La nuova provinciale va diritta e affronta la prima parte dell'erta con un dedalo di tornanti nel bosco.

La strada vecchia, invece, saliva molto più diretta, coprendo il dislivello consumando metà dello spazio rispetto alla strada principale. Via Col di Metino sono 800 m senza manco una vera curva; 14% di pendenza media, punte che sfiorano il 20%.
Io passerei di qua, inutile dirlo, ma consiglio un'oculata gestione delle forze. all'inizio della strada ci sono due semicurve che nascondono la lunghezza del muro di Col di Metino. La visione degli ultimi 4-500m dovrebbe essere sconfortante



Quando le due strade si ricongiungono la salita diventa "normale": restano ca. 3 chilometri, che presentano pendenze nella norma: 8 % media, con alcuni tratti la 10-11%. Paesaggio decisamente ameno sulla valle del Topino e i monti della dorsale Umbro-Marchigiana.

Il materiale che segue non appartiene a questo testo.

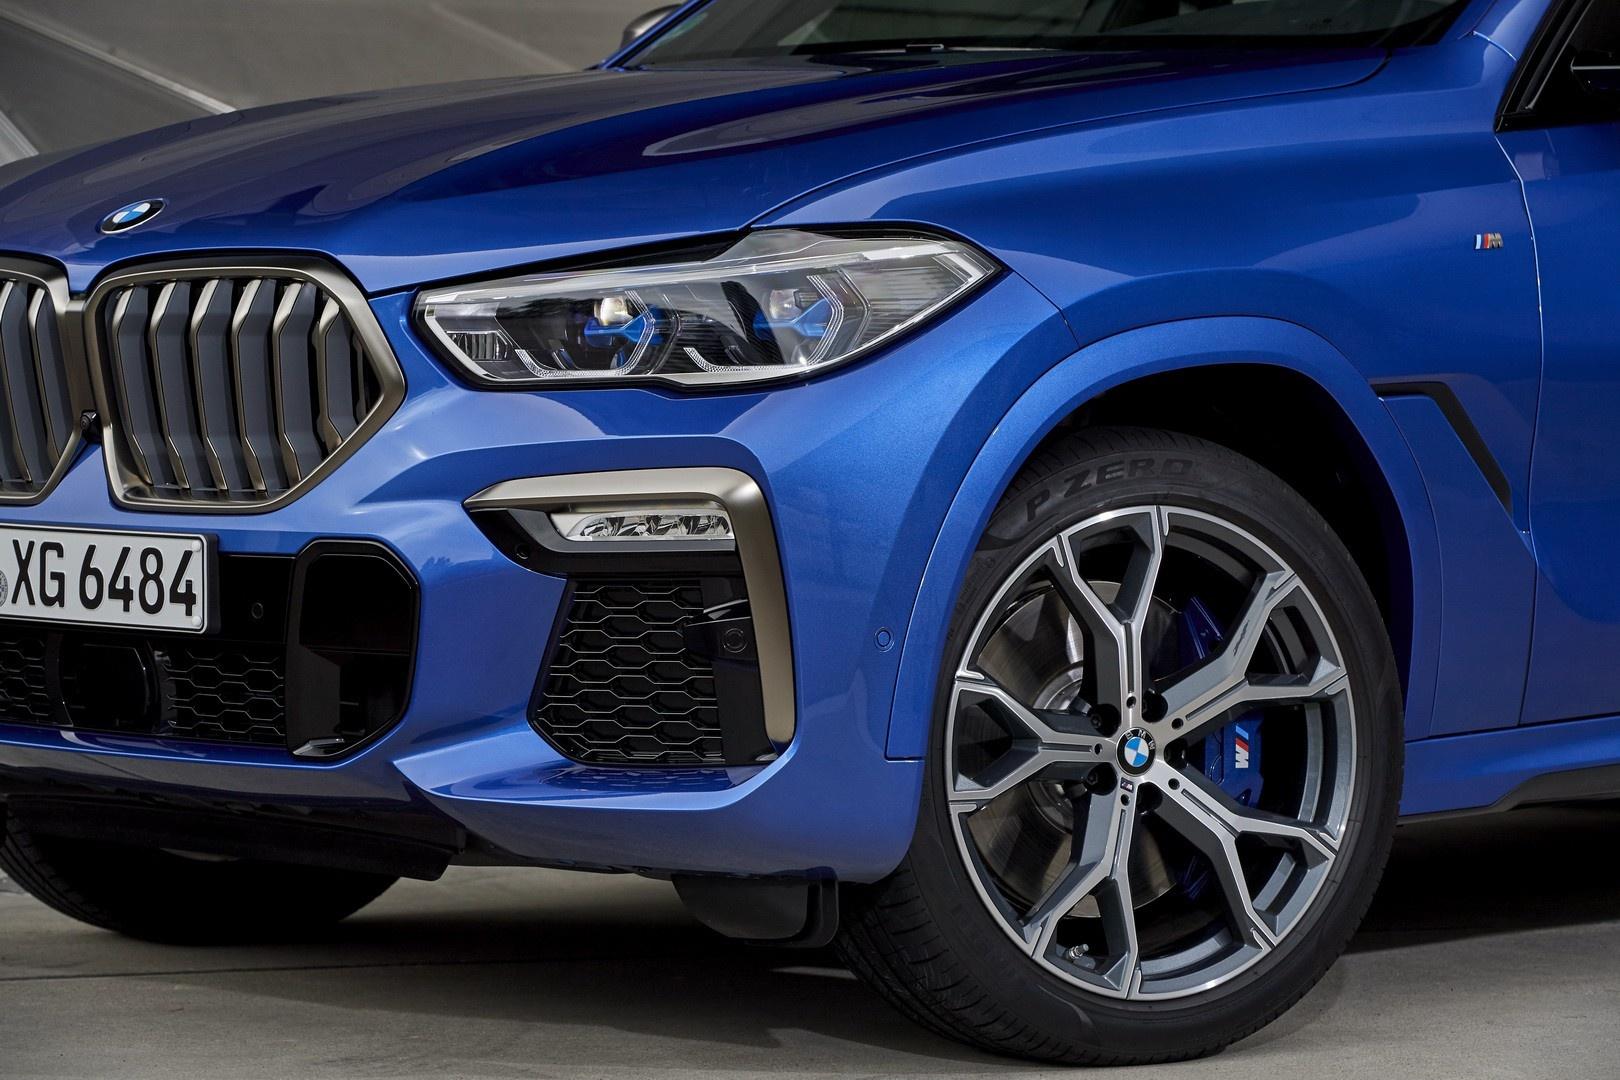 BMW X6 2020 - SUV voi suc manh sieu xe hinh anh 12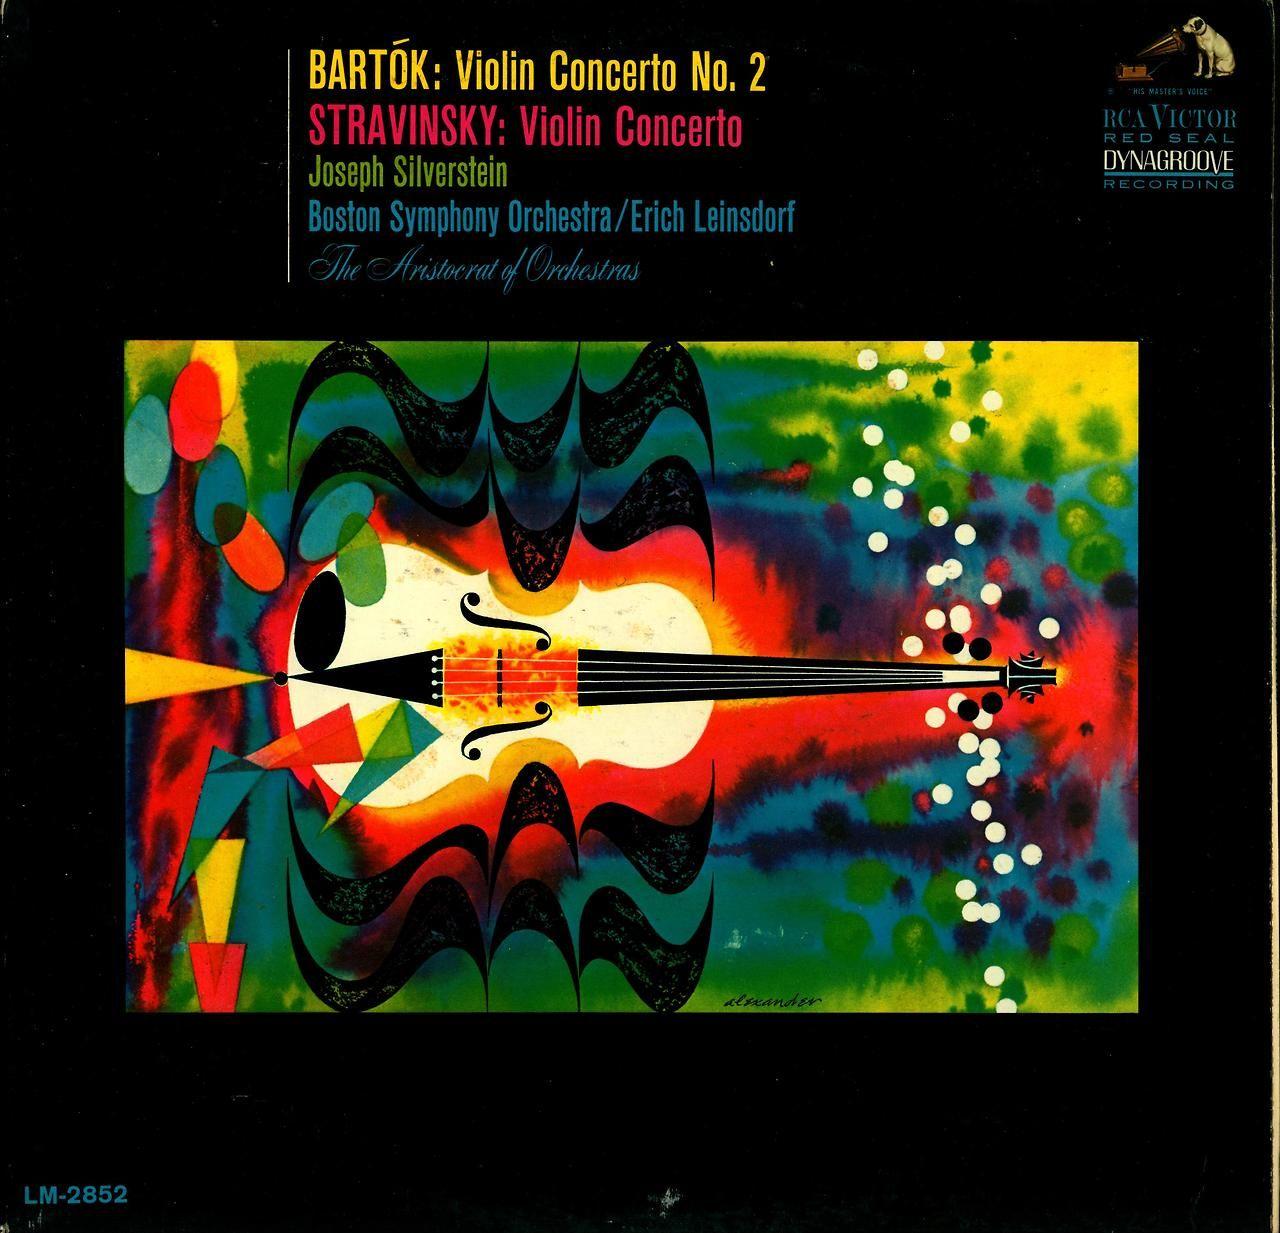 "Bartok- Violin Concerto No. 2 Stravinsky- Violin Concerto  Joseph Silverstein, violin.  Boston Symphony Orchestra Eric Leinsdorf, cond.   RCA Victor Red Seal LM-2852 (1965)  Cover Art by ""alexander"""

Preferire un arrivo di tappa  in piazza a Gualdo Tadino piuttosto che quassù proprio non lo capisco. E' vero che non c'è una strada di servizio per far scendere i mezzi, ma lo spazio in cima è enorme, la carreggiata è bella, larga e le pendenze da scattisti della prima parte avrebbero garantito un finale molto interessante.

Quando appare il miliario con il chilometro 6 vuol dire che la fine della salita è vicina. 
Lo scollinamento avviene in prossimità di un incrocio da cui partono due strade: una a dx sale "catramata" di fresco fino all'Eremo del Monte Serra Santa (quota 1360); l'altra naturale prosecuzione della provinciale serve i ristoranti, le case e i parcheggi della valletta fiorita.
Al km 7 o poco prima la strada diventa bianca, supera il confine della regione, degrada in una carrareccia, e dopo aver sfiorato quota 1270, scende in territorio marchigiano verso Serradica o Campodonico. Siamo ormai nel paradiso delle MTB


Ciao Umbria. Per maggiori ragguagli sul versante marchigiano: vedi il post Intorno al Monte Maggio o un sito di MTB. Tanto per ridiscendere dalla nostra parte servono le ruote grasse.